Health4 March 2026· Integrated Care Partnership

Norfolk Backs New 'Neighbourhood' Approach to Health and Care

Health and council leaders have endorsed a Neighbourhood Plan that aims to join up local services around individual residents rather than making people navigate separate organisations. The plan will move into a phased rollout across Norfolk and Waveney during 2026/27.

Norfolk's health and care leaders have backed a new way of delivering local services, agreeing that professionals from health, social care, housing, mental health, and the voluntary sector should work together in defined local neighbourhoods rather than operating in isolation.

The Integrated Care Partnership endorsed the emerging Neighbourhood Plan on 4 March, approving it as the shared strategic framework for neighbourhood working across Norfolk and Waveney.

The plan was introduced by Ian Wake, Executive Director of Adult Social Services at Norfolk County Council, and Ed Garratt, Chief Executive of NHS Norfolk and Waveney Integrated Care Board.

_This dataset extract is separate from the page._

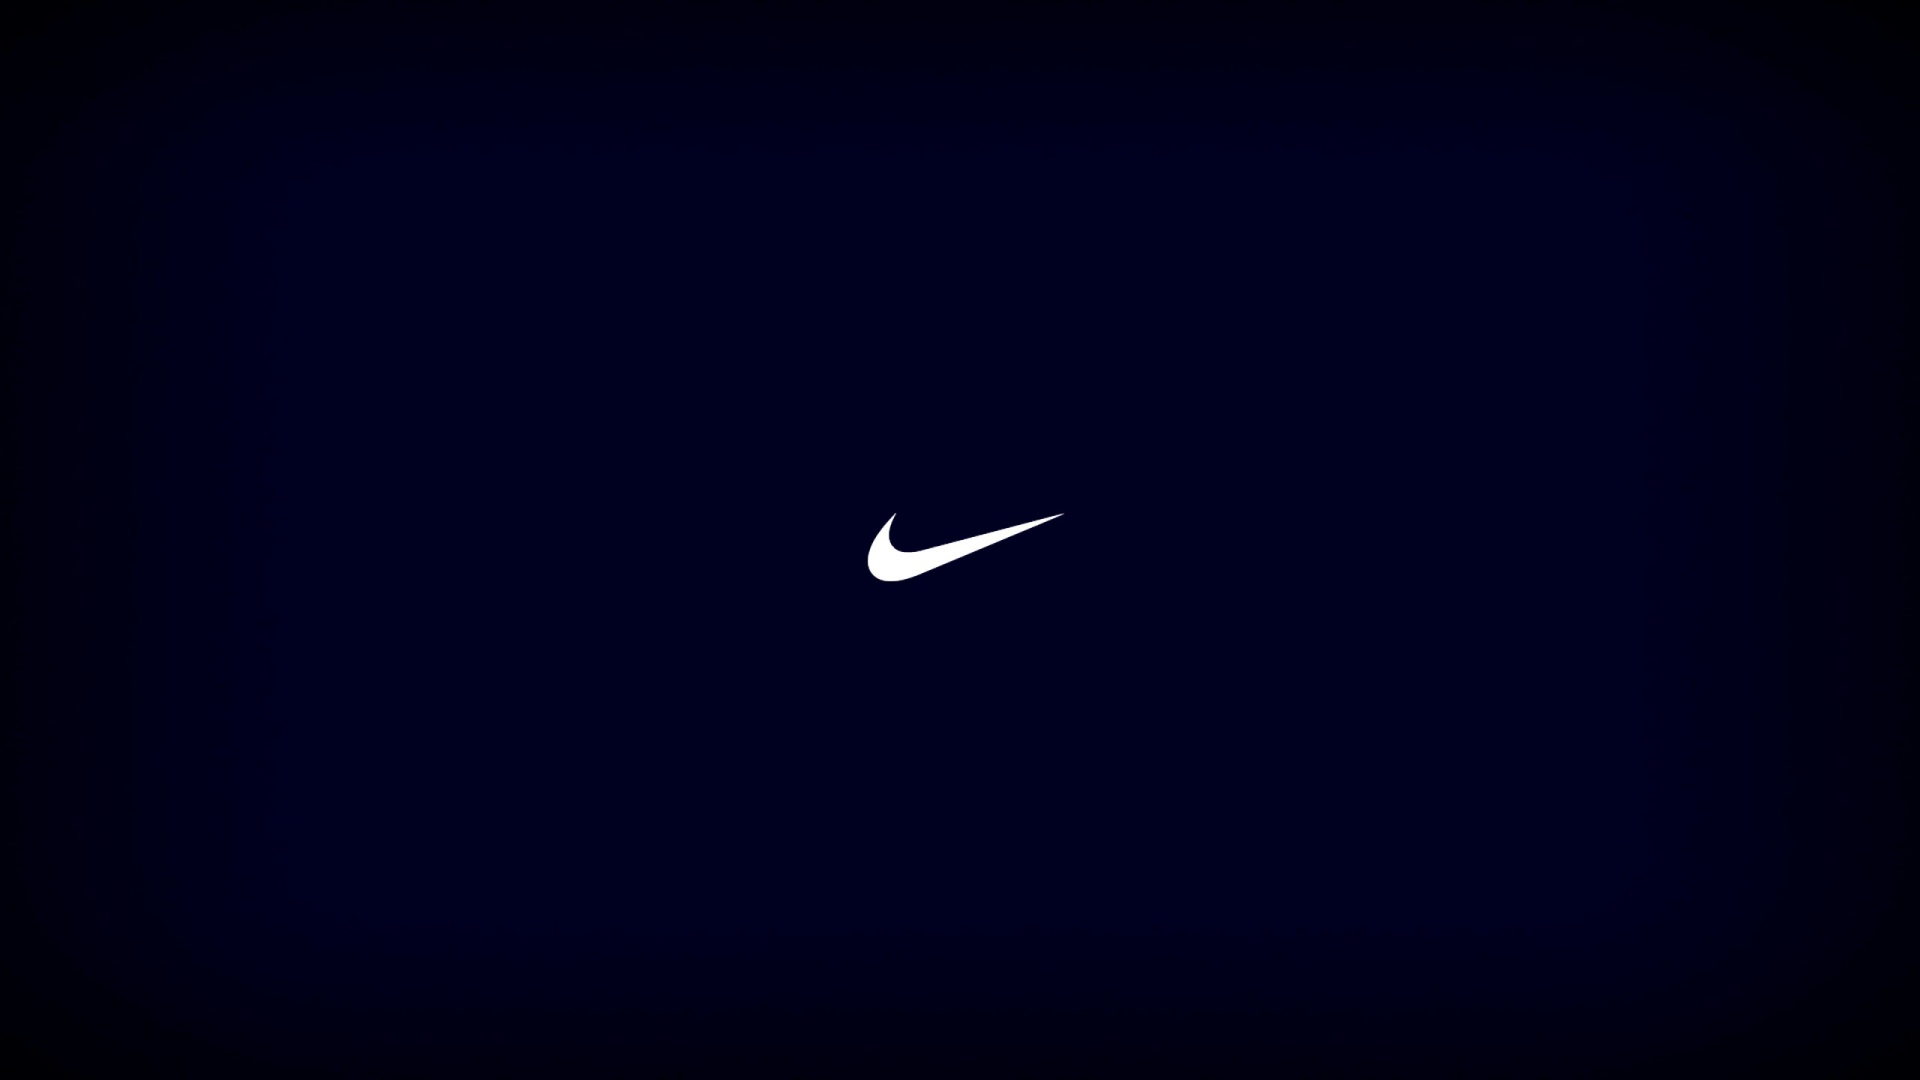 Nike Logo Design Wallpaper Picture High

They told the committee that residents with complex needs — such as overlapping issues around health, housing, addiction, and debt — often struggled most to access services, and were most likely to fall through gaps between organisations.

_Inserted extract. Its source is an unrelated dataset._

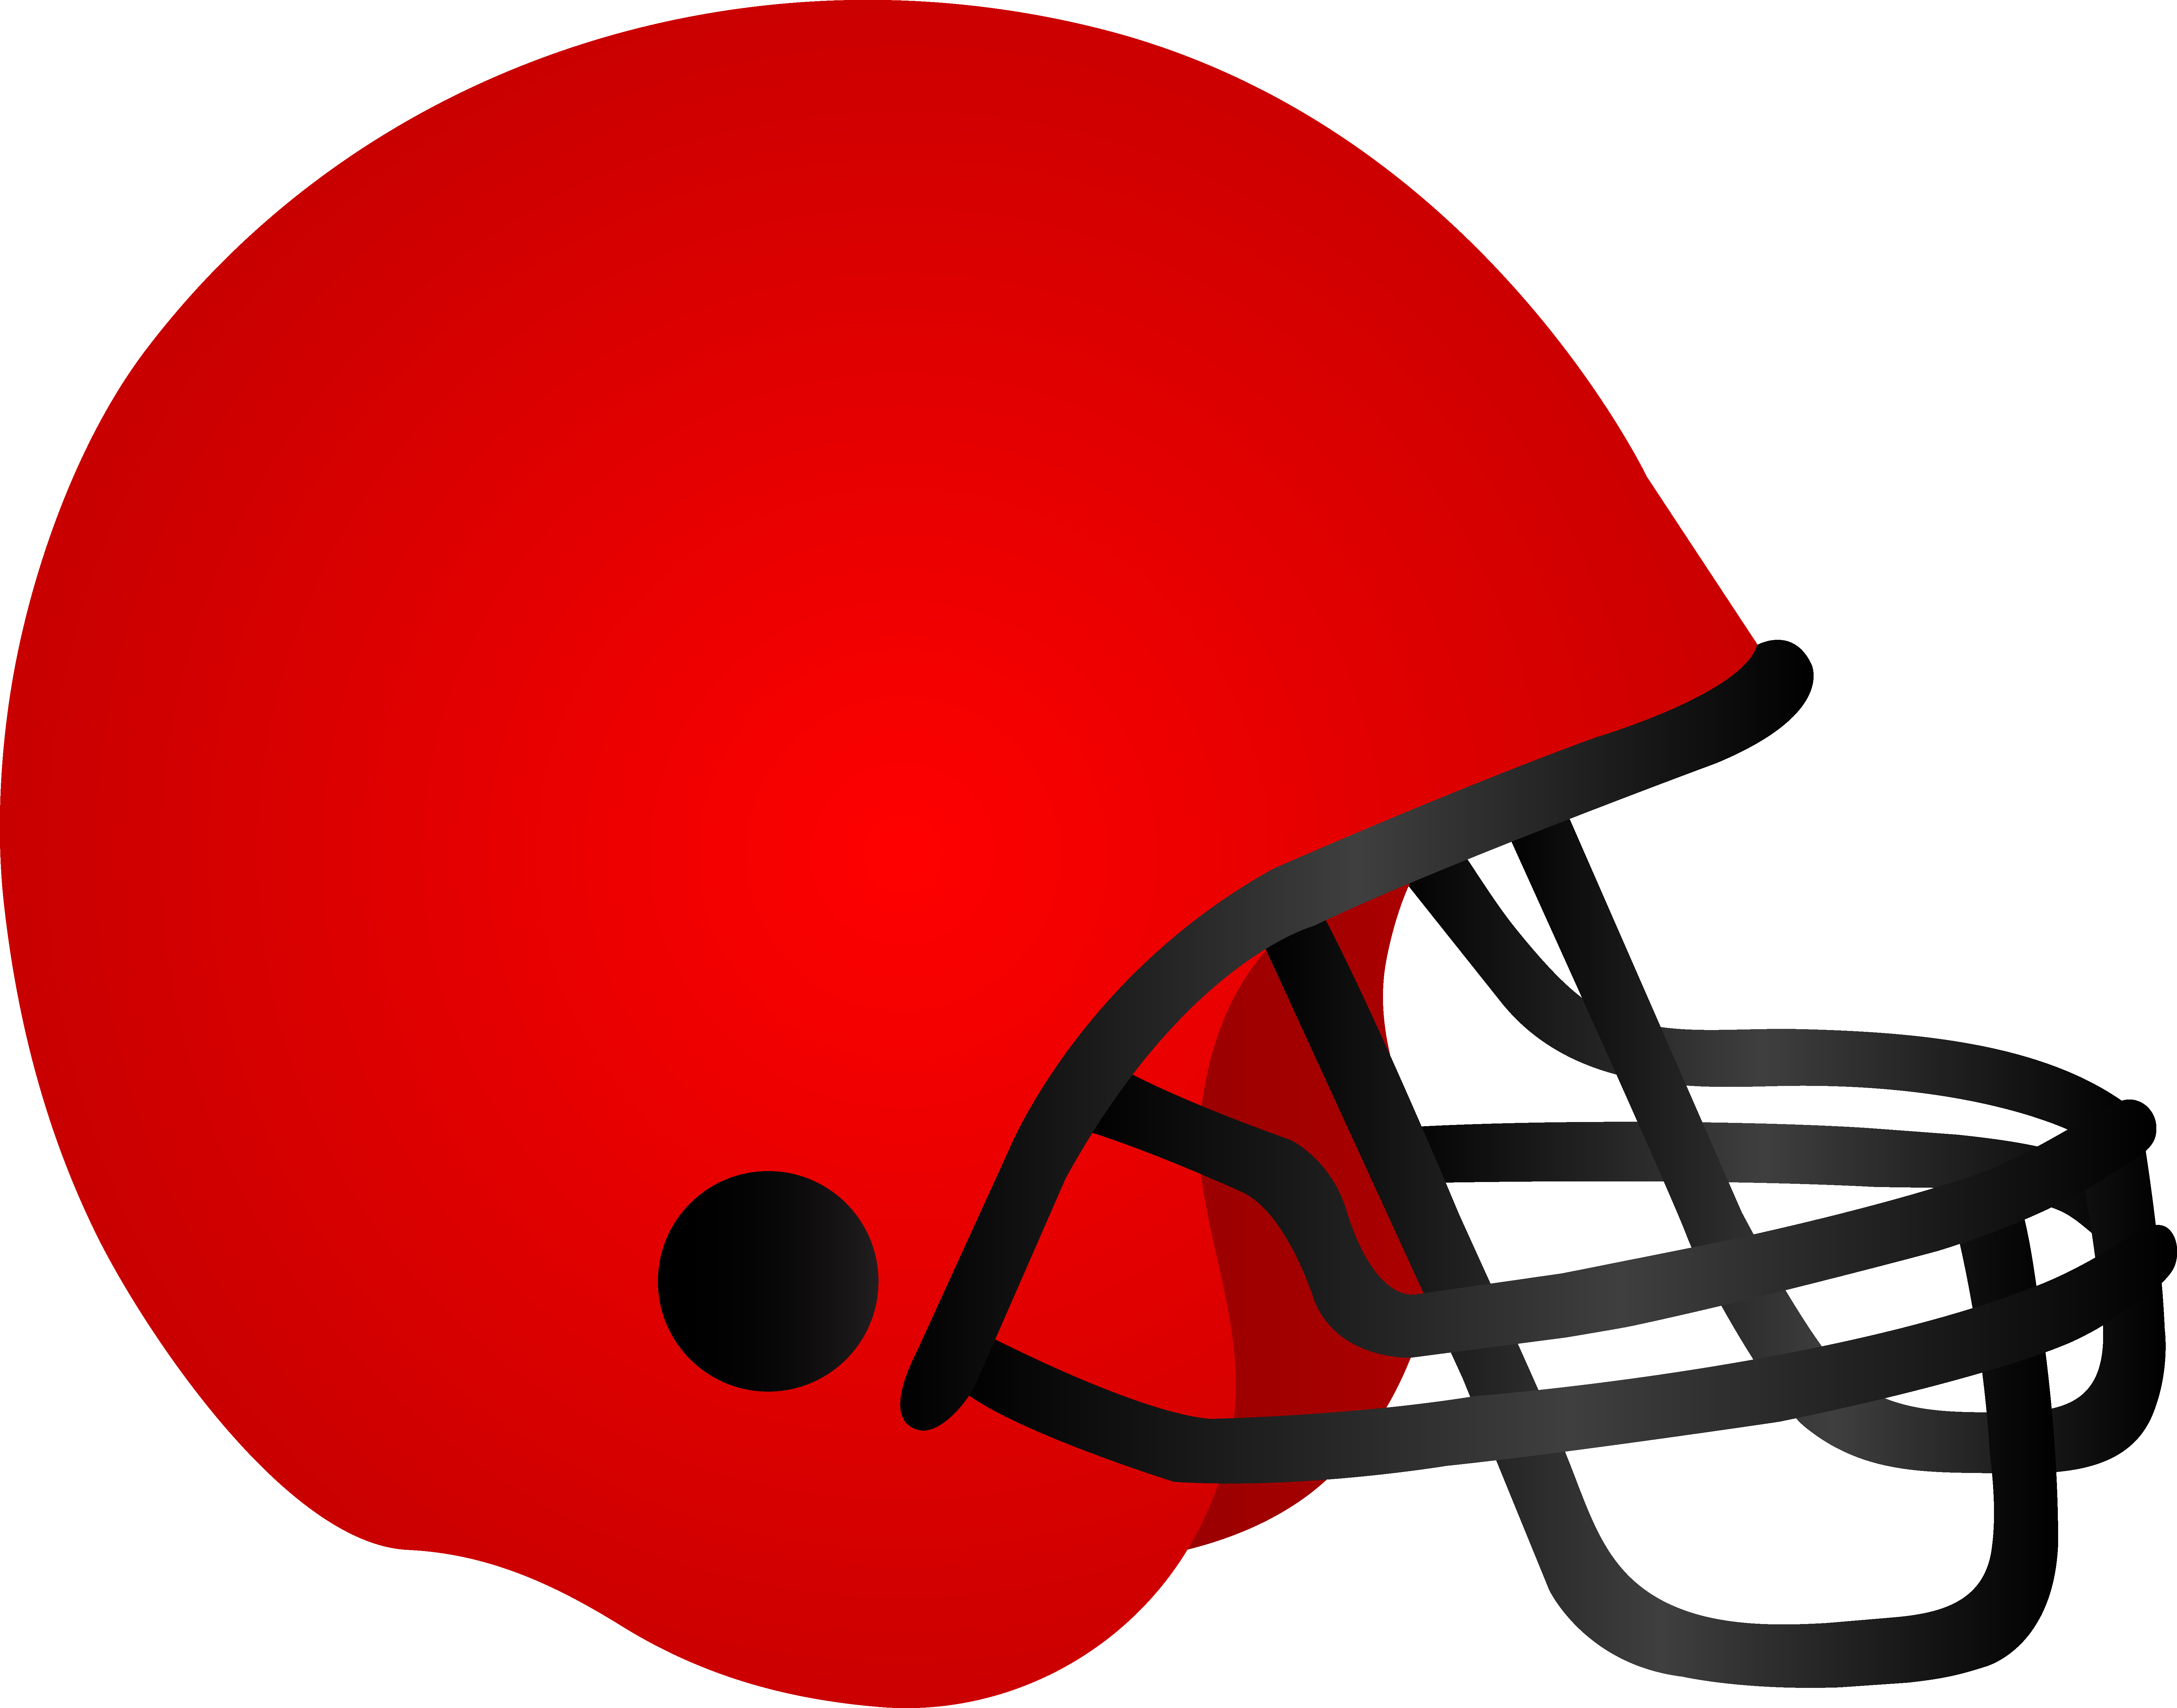 Football Helmet Image - ClipArt Best

The approach would shift staff away from rigid eligibility-based assessments towards more personal, relationship-led conversations focused on what matters to the individual. Leaders said this cultural change also needed to apply between professionals themselves, reducing impersonal referrals and building stronger working relationships.

Members discussed a real-life example referred to as "Brian", a person whose complex needs had previously led to repeated, costly, and ineffective use of services. A neighbourhood-based approach had both improved his outcomes and reduced costs to the system.

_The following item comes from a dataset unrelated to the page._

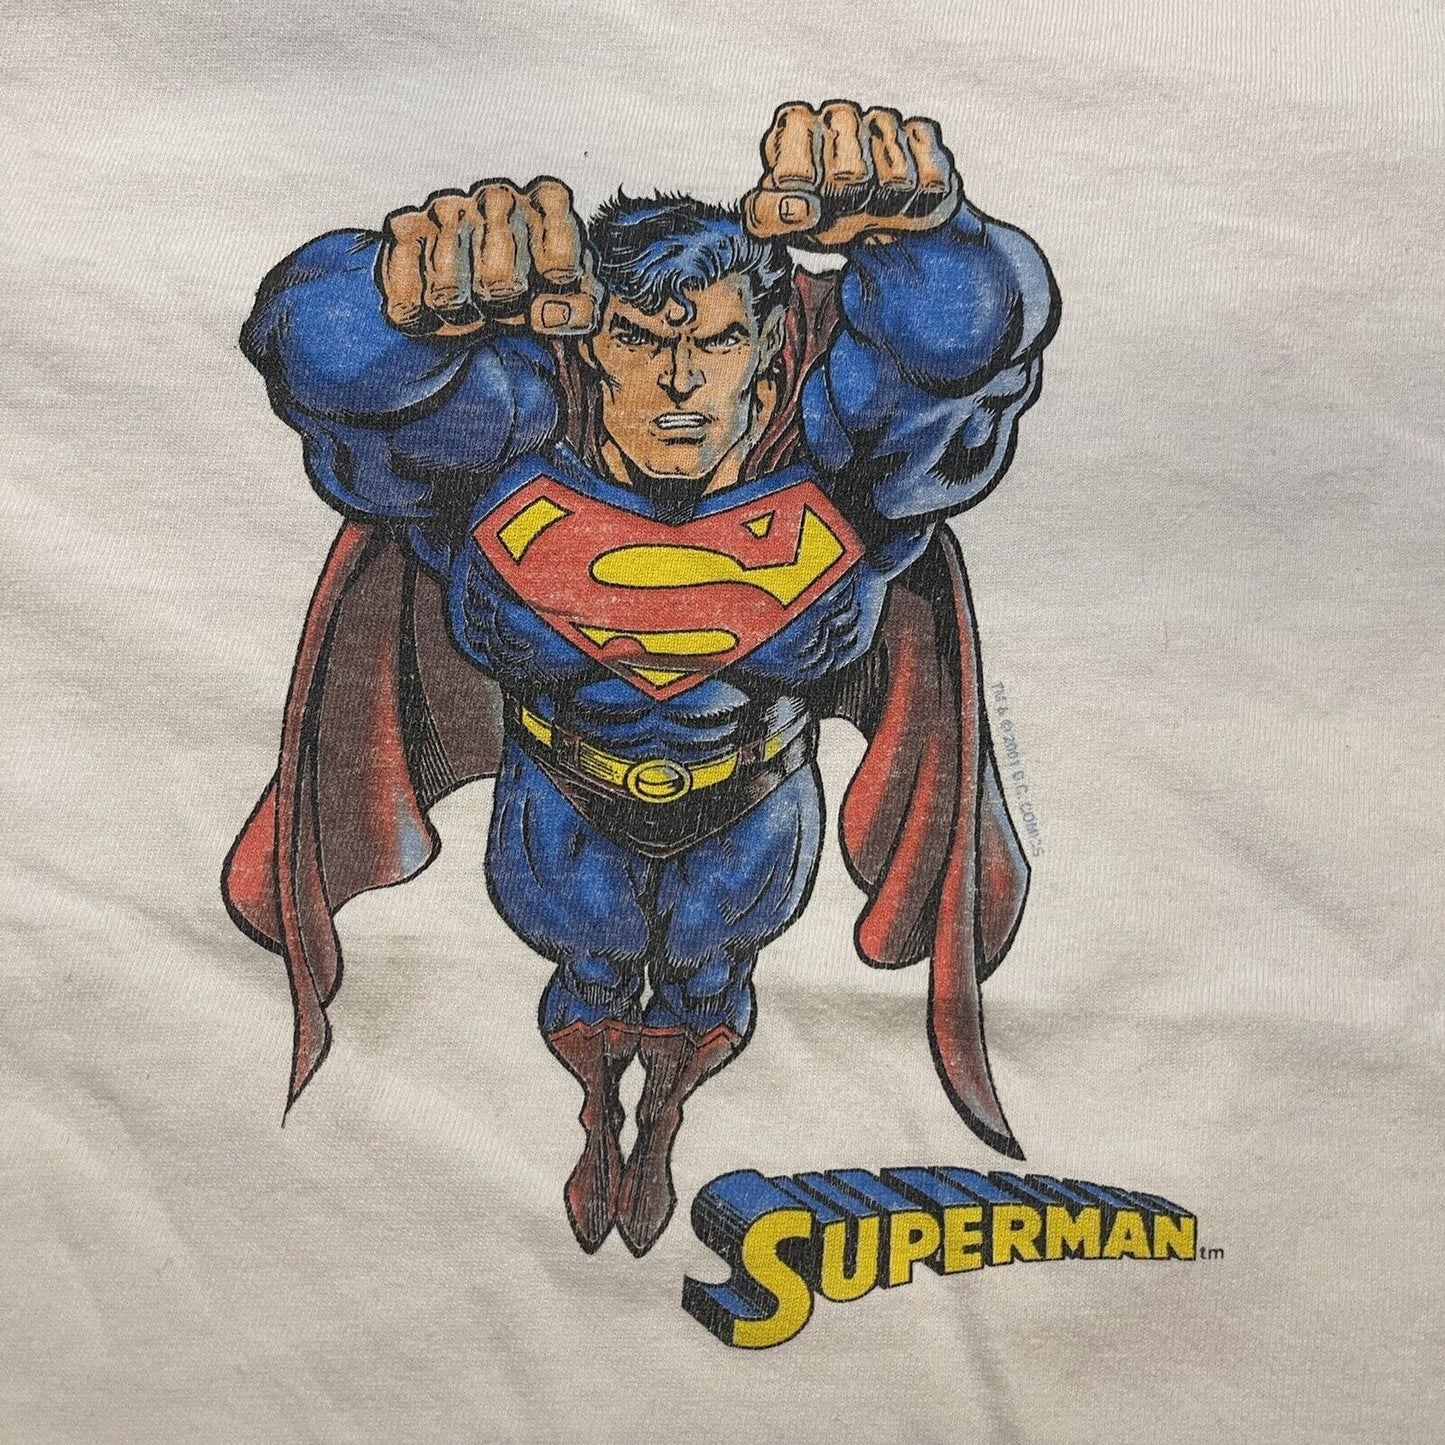 2001 Superman T Shirt Size Medium

The committee approved several immediate steps, including producing a Natural Neighbourhood Map, updated population profiles, and a coordination mechanism to align the work of different partners. Each partner organisation — including voluntary and community groups — has been asked to set out how it will organise itself to participate, including naming local leads.

Members raised concerns that acute hospital services had not been explicitly included in early planning documents and called for them to be fully incorporated. There was also discussion about ensuring a common definition of "prevention" across different organisations.

A national framework from NHS England is expected, but leaders were advised not to wait for it and to press ahead locally. Phased implementation is planned for 2026/27.